Fear clouds our judgement. Our fear radars tune in to things that have a slim-to-none chance of ever happening. In fact, what we fear is often quite different than what’s actually threatening us.




From: Paul Lehto <lehtolawyer@gmail.com>
Date: Apr 11, 2007 9:35 AM



What this is all about is

(A) The front page of today's new York Times http://www.nytimes.com/2007/04/11/washington/11voters.html?_r=2&hp=&oref=slogin&pagewanted=print&oref=slogin which says "Panel said to alter finding on voter fraud, echoing complaints made by Republican politicians of widespread voter fraud." The "panel" is the EAC!

(b) The statement on EAC contracting below is preemptive CYA because many will try to throw the EAC's own report, later called just a "draft" report, which they sat on for months before finally being forced to release it by congress, that basically says voter fraud is rare.

(C) Combine this with the relatively recent US SUPREME COURT opinion in Purcell v Arizona, which (without briefing or argument) reversed the 9th Circuit and held that the fear of voters as to possibe dilution of THEIR votes via illegal voting, could, WITHOUT ANY EMPIRICAL EVIDENCE OR SUPPORT, be "balanced" against the proven and actual disfranchisement that Voter ID laws cause.
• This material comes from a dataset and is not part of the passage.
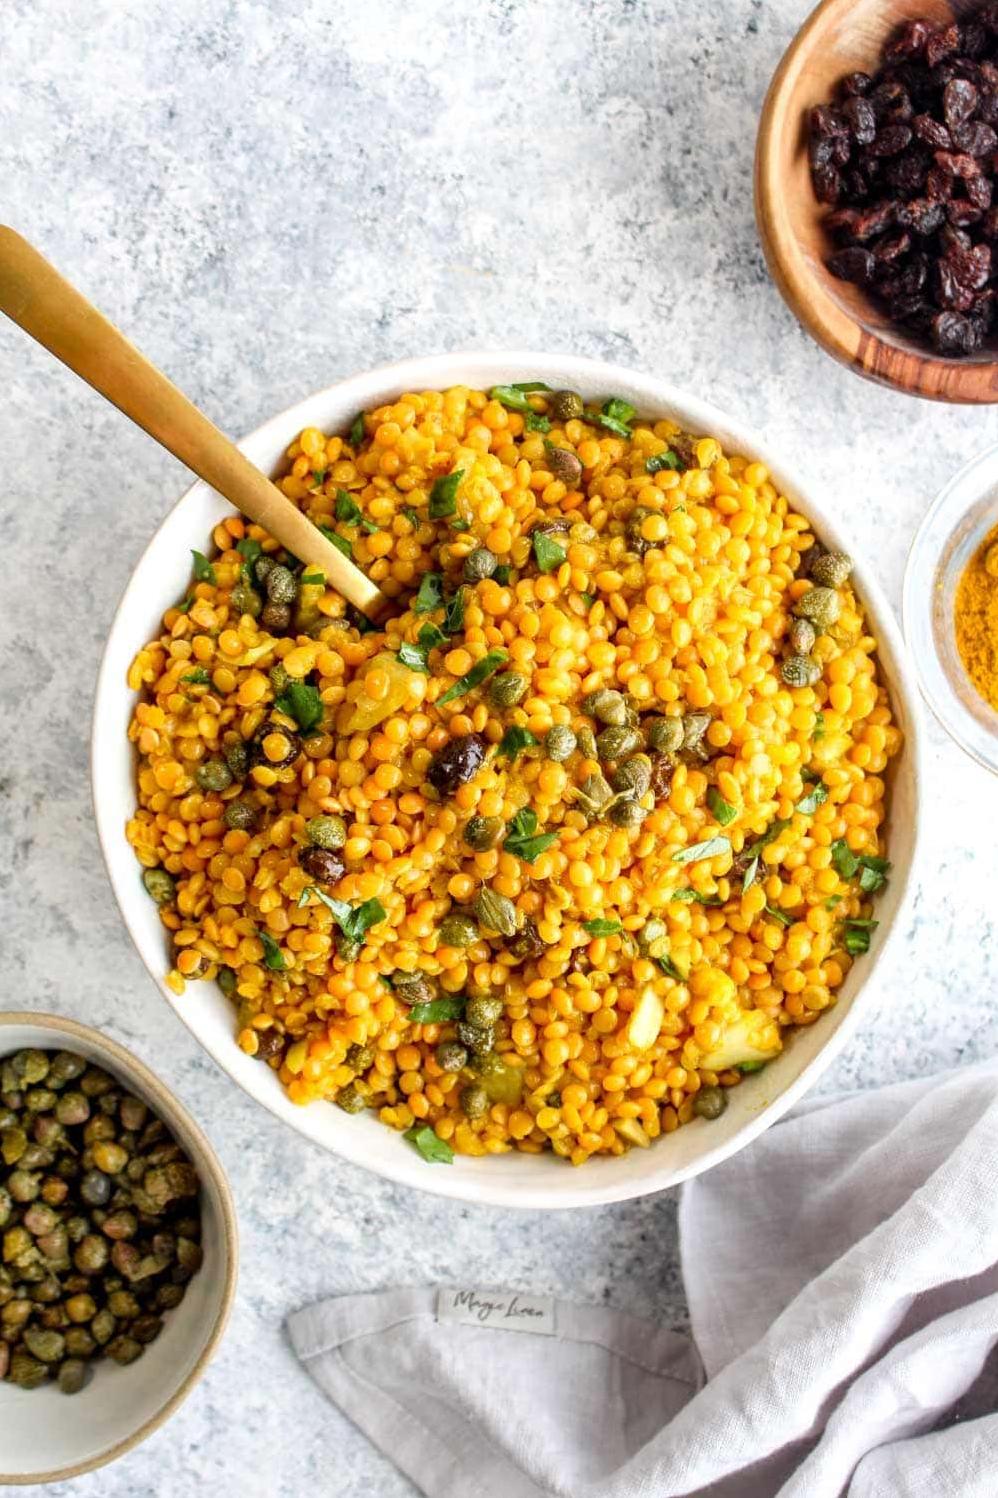 Delicious and Nutritious Curried Lentil Salad Recipe

Scholars with emerging law reviews are stating with incredulity that a mere FEAR of disfranchisement could be balances against ACTUAL disfranchisement, and have the FEAR win.

It's also about protecting republican butt on the US Attorneys scandal in order to protect a lot of republicans who put US attorneys under a lot of pressure they will have to push REALLY hard to raise the specter of voter fraud as being "real."

TO REALLY UNDERSTAND THE STAKES, ONE REALLY NEEDS TO KNOW THE PURCELL V ARIZONA CASE. THEY WILL NOW WHIP UP THE FEAR OF VOTER FRAUD, SO WE SHOULD RESPOND TO THAT BY SAYING OF COURSE THERE'S HUGE PRESSURE IN ELECTIONS, BUT THE REAL THREAT IS INSIDERS.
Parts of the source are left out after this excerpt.